- Born: 1964 (age 61–62) Uganda
- Citizenship: Uganda
- Education: Makerere University (Bachelor of Medicine and Bachelor of Surgery) (Master of Medicine in Surgery) College of Surgeons of East, Central and Southern Africa (Fellow of the College of Surgeons of East, Central and Southern Africa) University of Cape Town (Diploma in International Research Ethics)
- Occupations: Surgeon, researcher, academic
- Years active: 1996 - present
- Known for: Medical administration
- Title: Principal of Makerere University College of Health Sciences

= Charles Ibingira =

Ugandan academic

Professor Charles Ibingira is a Ugandan surgeon, academic and medical administrator. He is the Principal of Makerere University College of Health Sciences. He was appointed to that position in November 2015, on a four-year renewable contract. He has previously served as the Dean of Makerere University School of Biomedical Sciences, from 2010 until 2014.

==Background and education==
He was born in the Toro sub-region of the Western Region of Uganda, circa 1964. After attending local elementary and secondary schools, he was admitted to Makerere University School of Medicine, a component of the Makerere University College of Health Sciences. He graduated in 1988, with a Bachelor of Medicine and Bachelor of Surgery degree. Later, in 1996, he obtained a Master of Medicine degree in general surgery, from the same university.

He is a Fellow of the College of Surgeons of East, Central and Southern Africa (COSECSA), and was elected in 2003. He also holds a Diploma in International Research Ethics, awarded by the University of Cape Town, in 2007.

==Career==
Charles Ibingira has taken on increasing responsibility at Makerere College of Health Sciences, both clinically and administratively, starting in 1996, following his graduation with a master's degree in General Surgery.

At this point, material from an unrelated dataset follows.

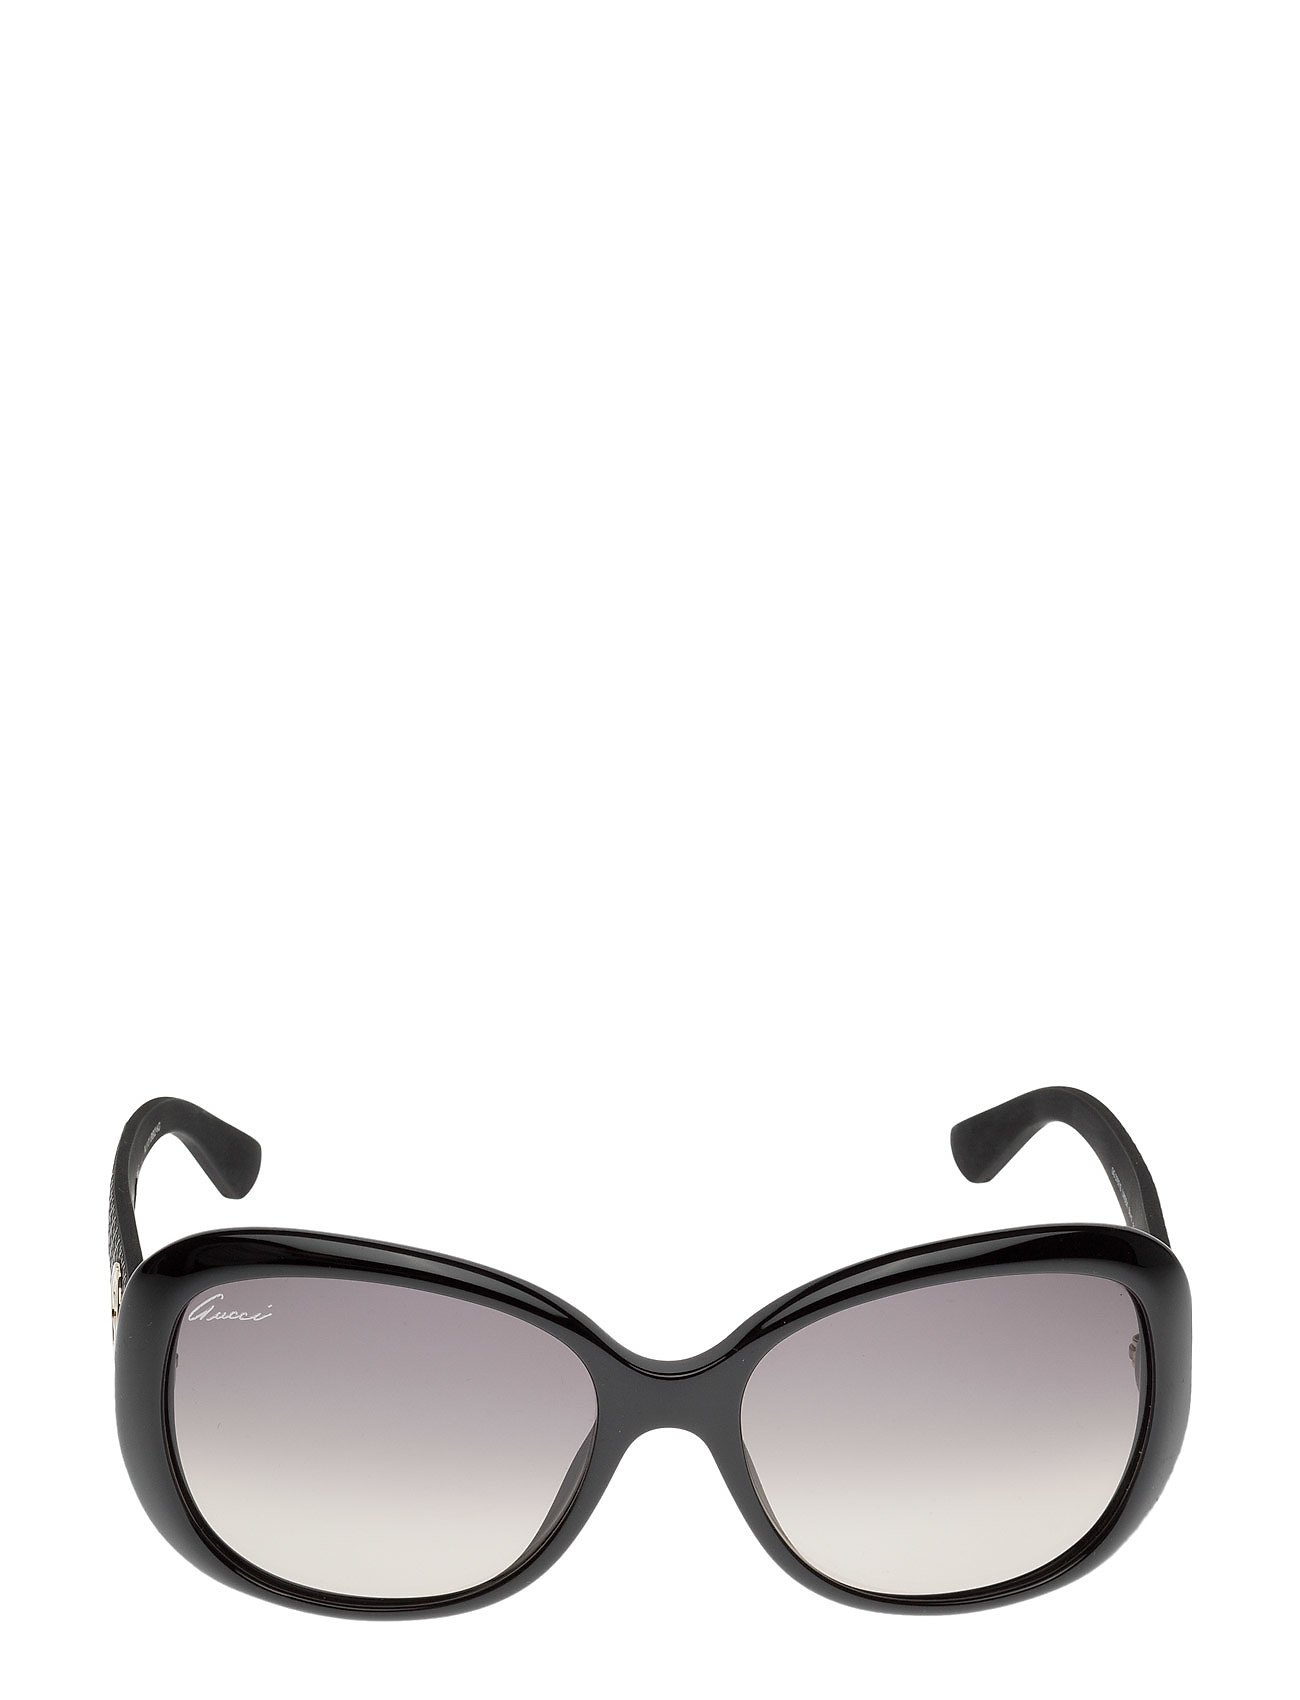 Cordelia Tilbageholde mikrobølgeovn Gucci Sunglasses Gg 3787/s - Firkantet stel - Boozt.com

He worked as a surgeon in a clinical setting. Academically, he started out as a lecturer, rising through the ranks to Associate Professor in the Department of Anatomy, at the Makerere University School of Biomedical Sciences, and eventually being appointed as the Dean of that school.

He is credited with spearheading the establishment of university programs in Biomedical Engineering and Biomedical Sciences at Makerere University. He has also actively worked to recruit and train faculty for these and other programs. Dr. Ibingira is a senior researcher in surgery, anatomy, and bioethics.

==Other considerations==
Professor Charles Ibingira is the proprietor, founder and executive director of Life Line International Hospital, a private surgical medical facility located in the neighborhood called Zana, in Ssabagabo Municipality, along the Kampala-Entebbe Road. The hospital was opened in December 2018.